All of the data that follows is to be written out exactly, with images excluded.

◆ Data below ◆
**********

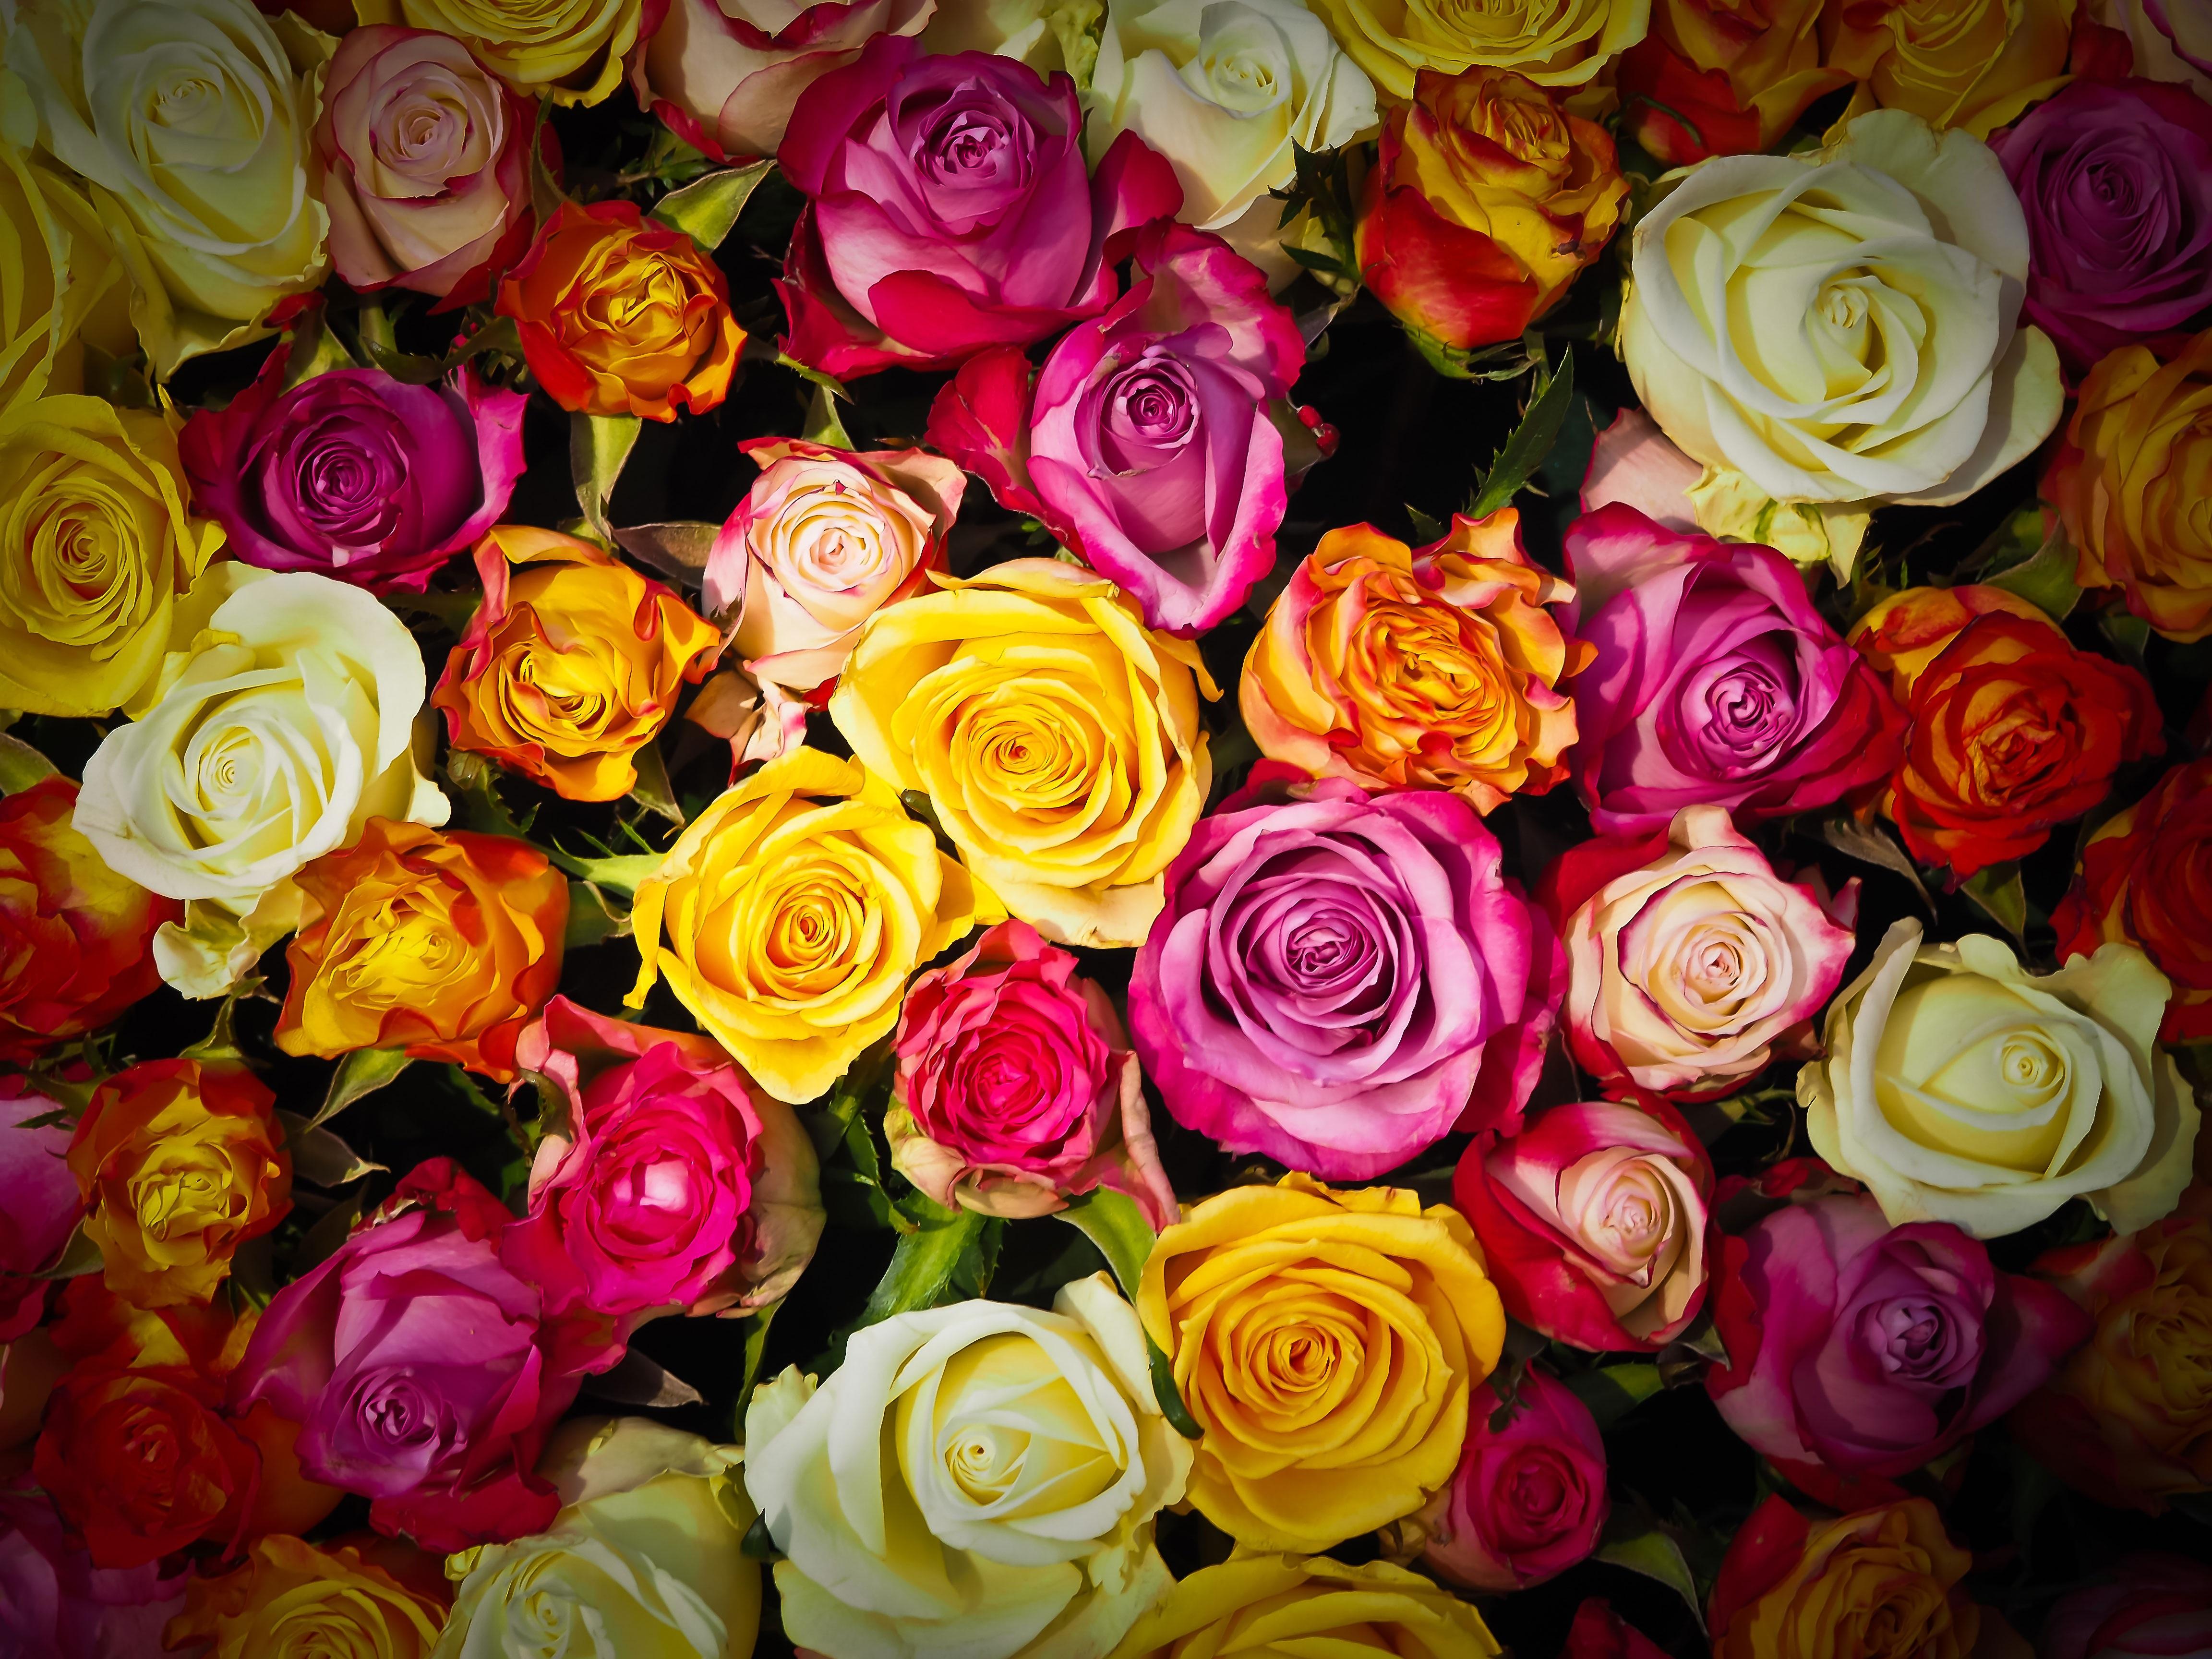 Super Banco de imagens : plantar, branco, flor, pétala, ramalhete  XX51
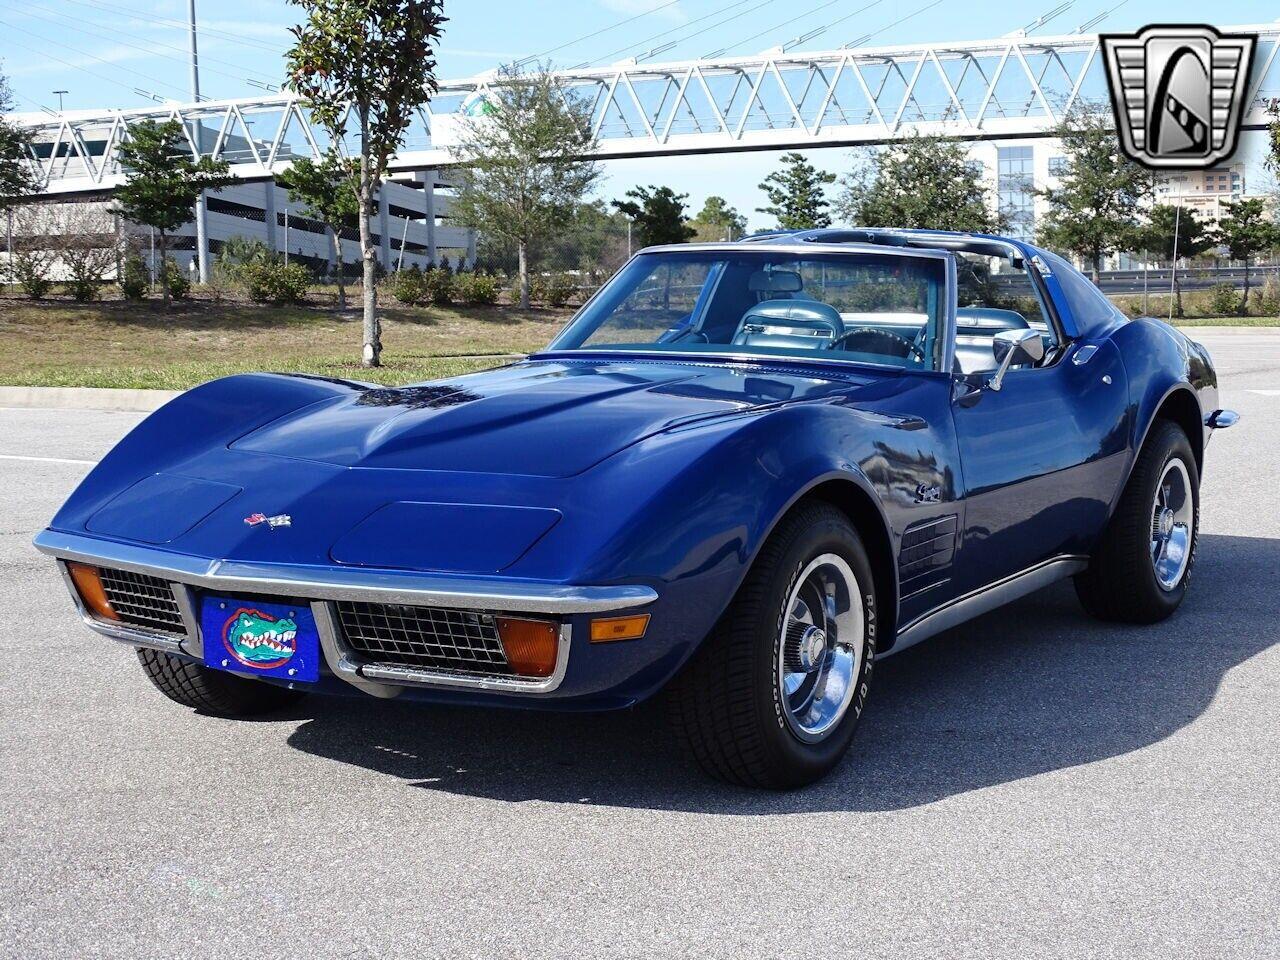 1972 Blue Chevrolet Corvette Stingray  | C3 Corvette Photo 5
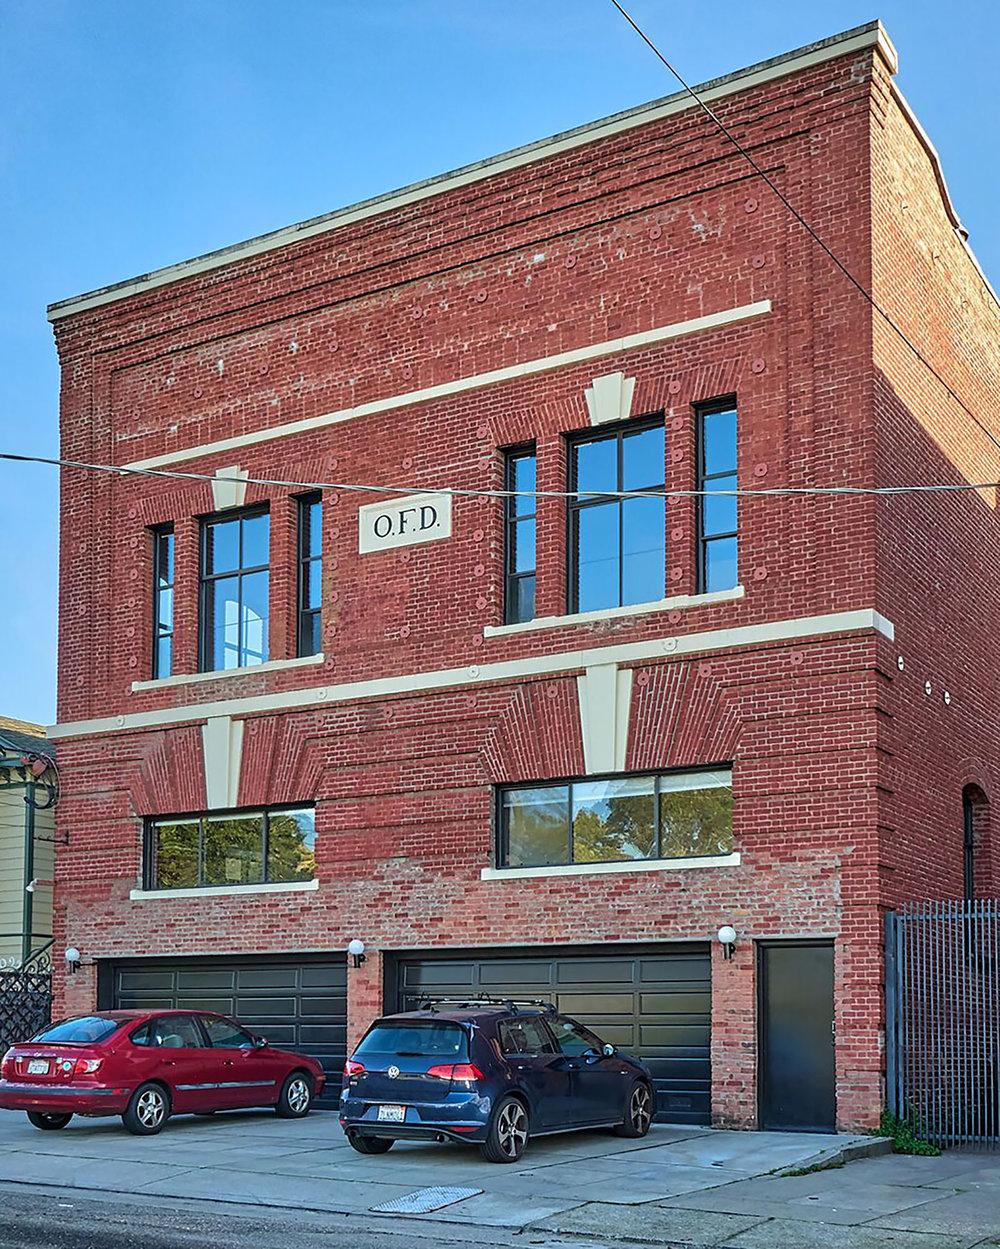 1095_59th_historic_firehouse_oakland

**********

◆ Expected answer ◆
 Super Banco de imagens : plantar, branco, flor, pétala, ramalhete  XX51
 1972 Blue Chevrolet Corvette Stingray  | C3 Corvette Photo 5
 1095_59th_historic_firehouse_oakland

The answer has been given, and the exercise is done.